• _Work task_
Write out the lines below exactly, beginning at the one with "DEFECTIVE Zhiyun Weebill" and stopping after the one with "by Corina Flühmann"; the pictures are not copied.

• _Given records_
· · · · ·
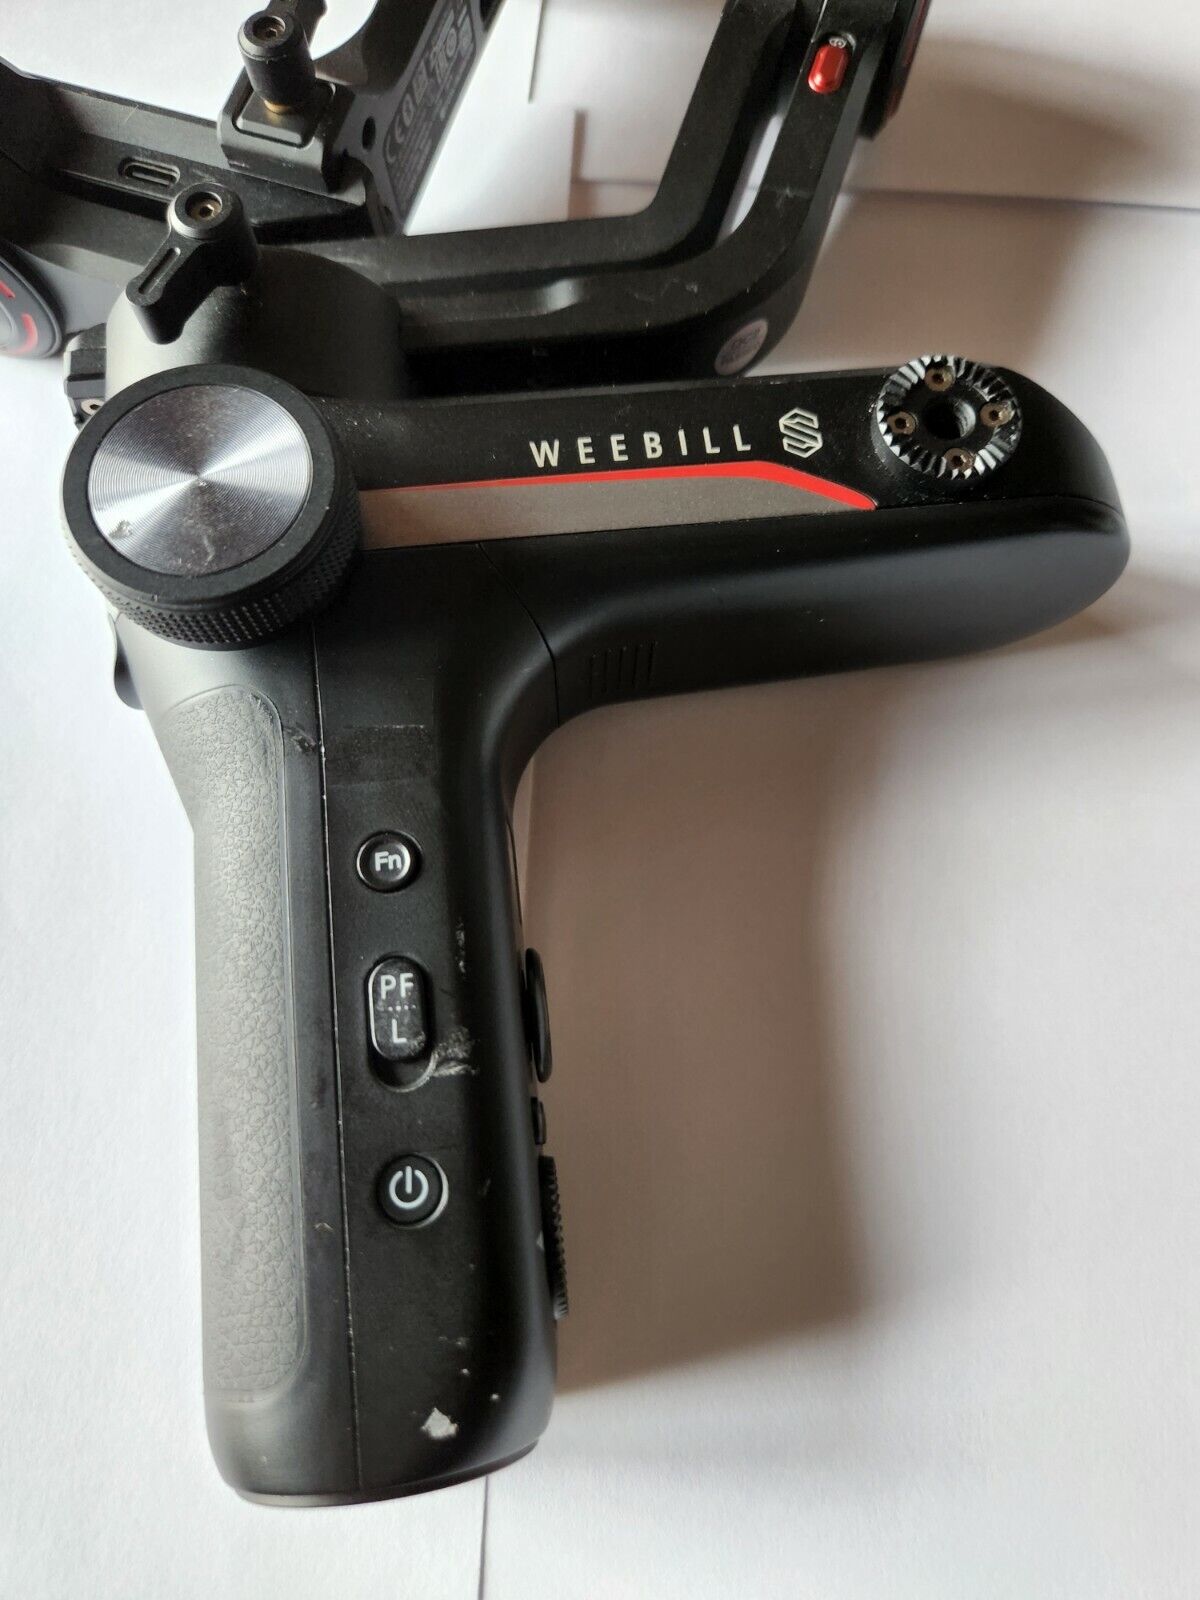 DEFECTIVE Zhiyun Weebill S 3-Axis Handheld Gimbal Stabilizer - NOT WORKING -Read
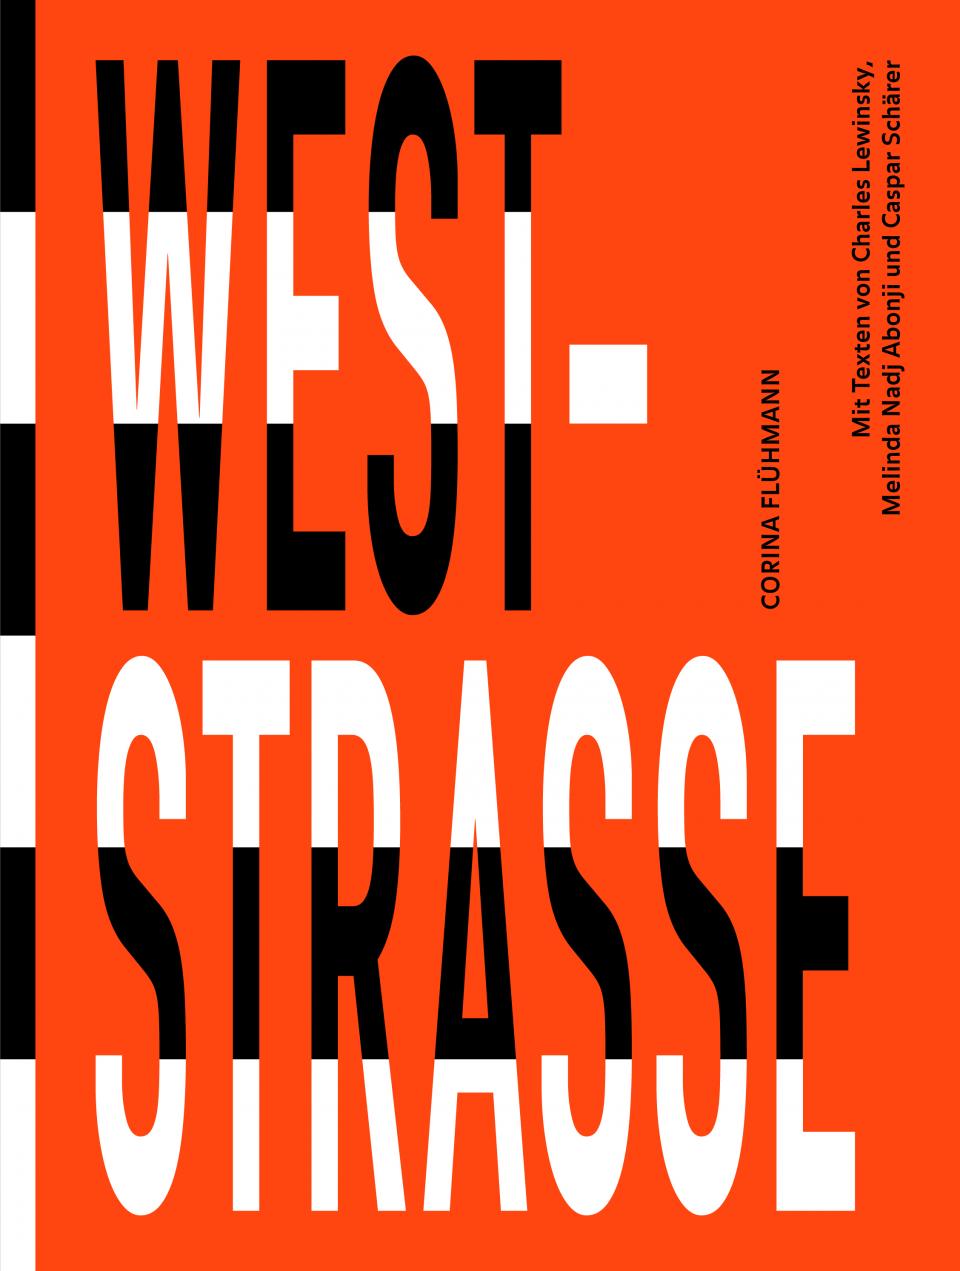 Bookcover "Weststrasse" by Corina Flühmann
· · · · ·
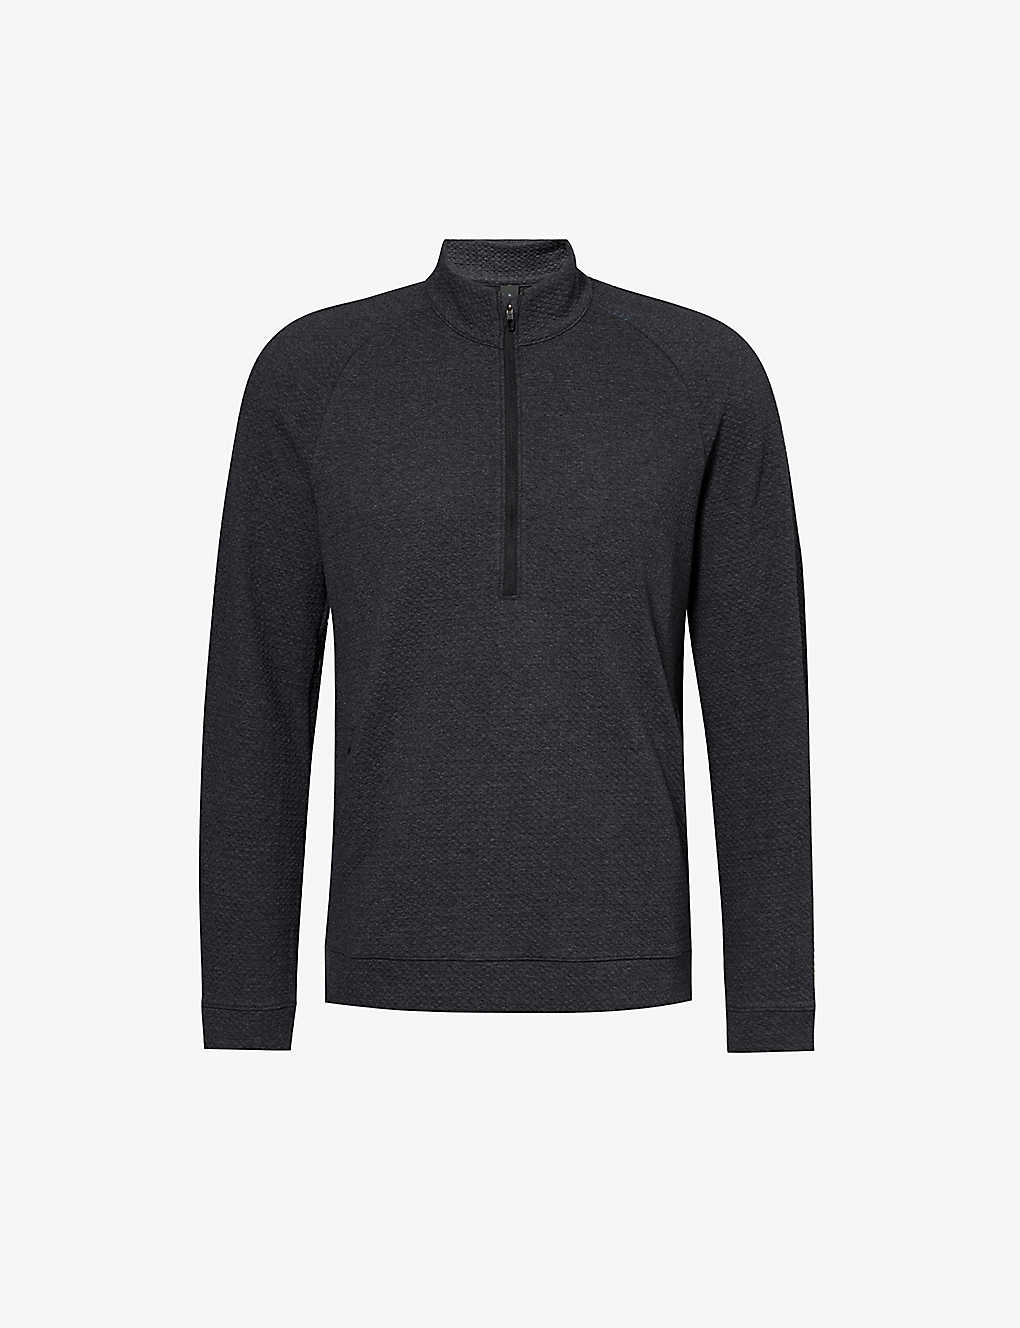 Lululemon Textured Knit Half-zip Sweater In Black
· · · · ·
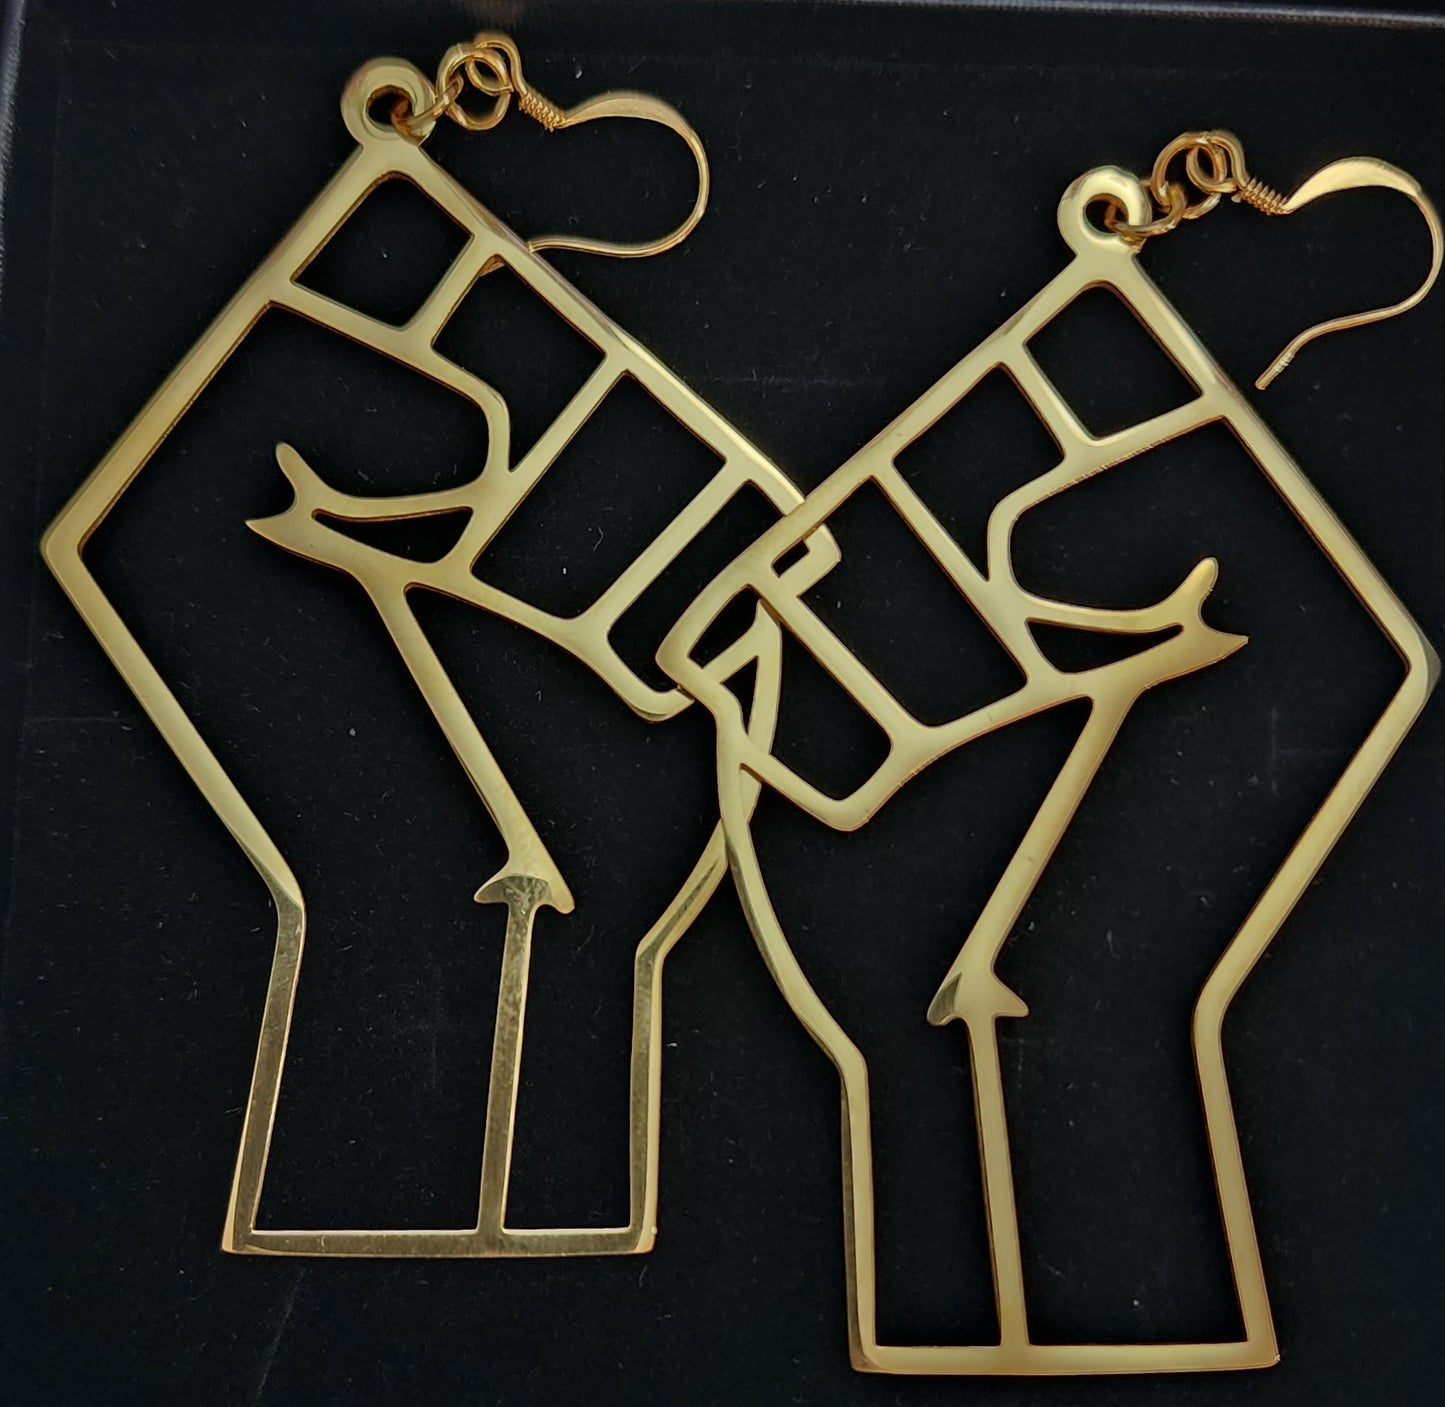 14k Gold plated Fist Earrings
· · · · ·
• _Worked solution_
 DEFECTIVE Zhiyun Weebill S 3-Axis Handheld Gimbal Stabilizer - NOT WORKING -Read
 Bookcover "Weststrasse" by Corina Flühmann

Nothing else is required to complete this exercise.